On Mon, Jan 22, 2007 at 05:11:03PM -0600, Jim C. Nasby wrote:
> On Mon, Jan 22, 2007 at 12:17:39PM -0800, Ron Mayer wrote:
> > Gregory Stark wrote:
> > >
> > > Actually no. A while back I did experiments to see how fast reading a file
> > > sequentially was compared to reading the same file sequentially but skipping
> > > x% of the blocks randomly. The results were surprising (to me) and depressing.

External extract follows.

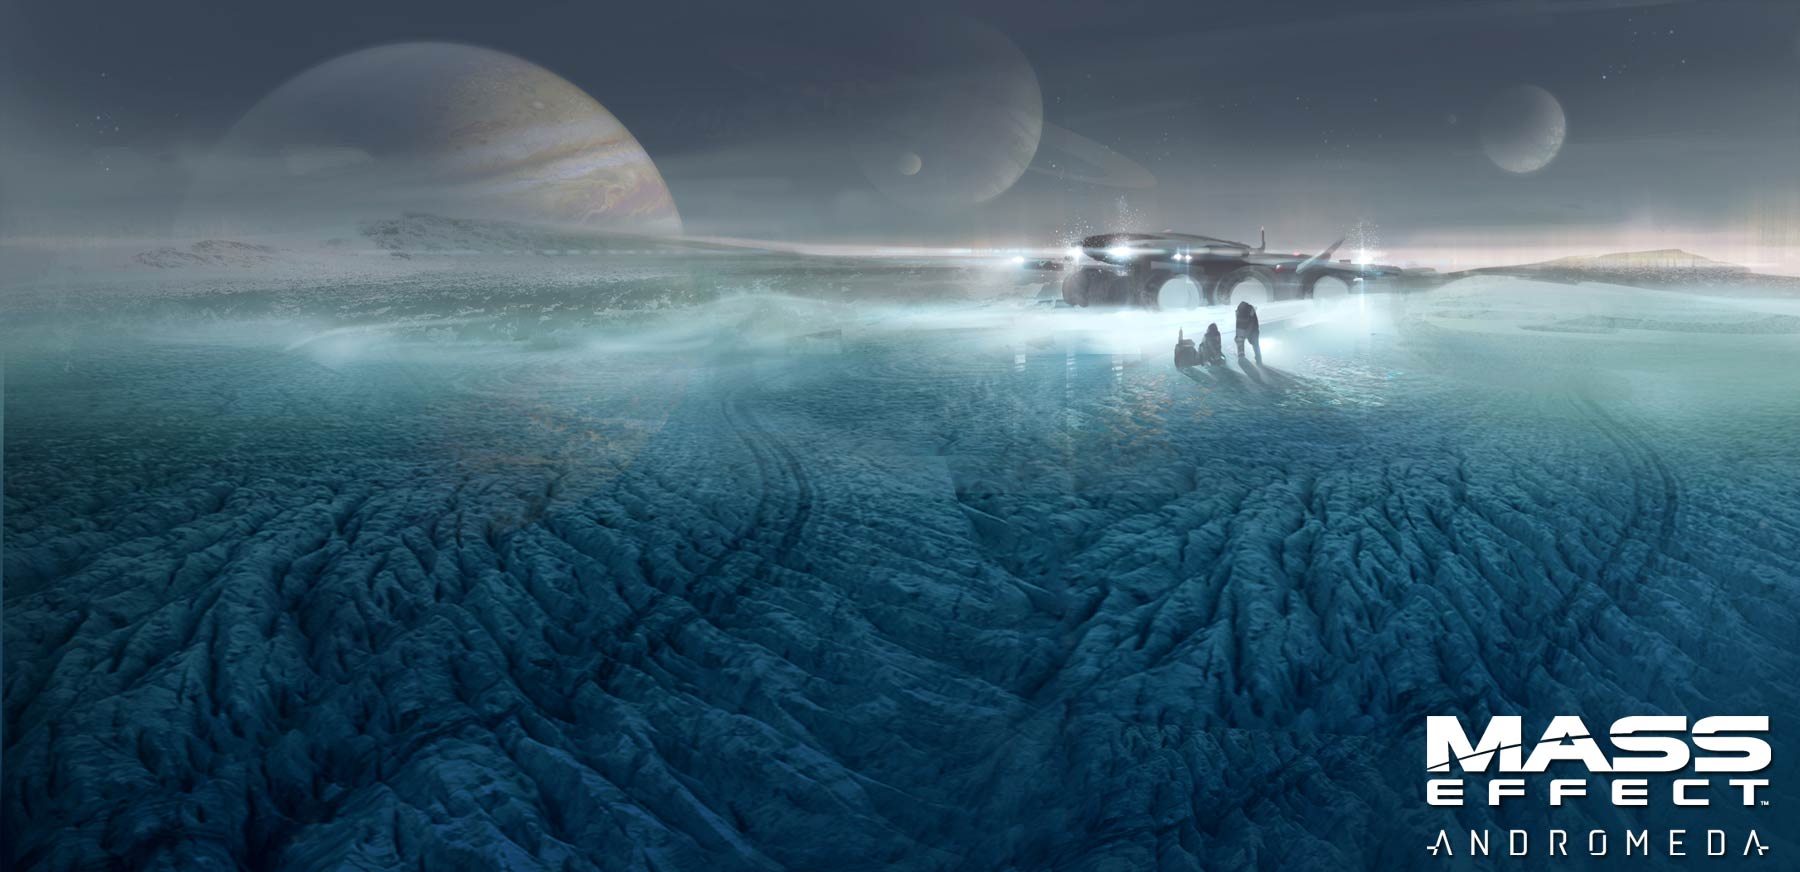 Immagine pubblicata in relazione al seguente contenuto: Bioware e EA pubblicano il teaser trailer di Mass Effect Andromeda | Nome immagine: news23332_Mass-Effect-Image_1.jpg

> > > The breakeven point was about 7%. [...]
> > >
> > > The theory online was that as long as you're reading one page from each disk
> > > track you're going to pay the same seek overhead as reading the entire track.
> >
> > Could one take advantage of this observation in designing the DSM?
> >
> > Instead of a separate bit representing every page, having each bit
> > represent 20 or so pages might be a more useful unit. It sounds
> > like the time spent reading would be similar; while the bitmap
> > would be significantly smaller.
>
> If we extended relations by more than one page at a time we'd probably
> have a better shot at the blocks on disk being contiguous and all read
> at the same time by the OS.
> --
> Jim Nasby jim@nasby.net
> EnterpriseDB http://enterprisedb.com 512.569.9461 (cell)
>
Yes, most OS have some read-ahead when reading a file from disk. Any
increment over 1 would be an improvement. If you used a counter with
a time-based decrement function, you could increase the amount that
the relation is extended based on temporal proximity. If you have
extended it several times recently, increase the size of the new
extension to reduce the overhead even further. The default should
be approximately the OS standard read-ahead amount.
Ken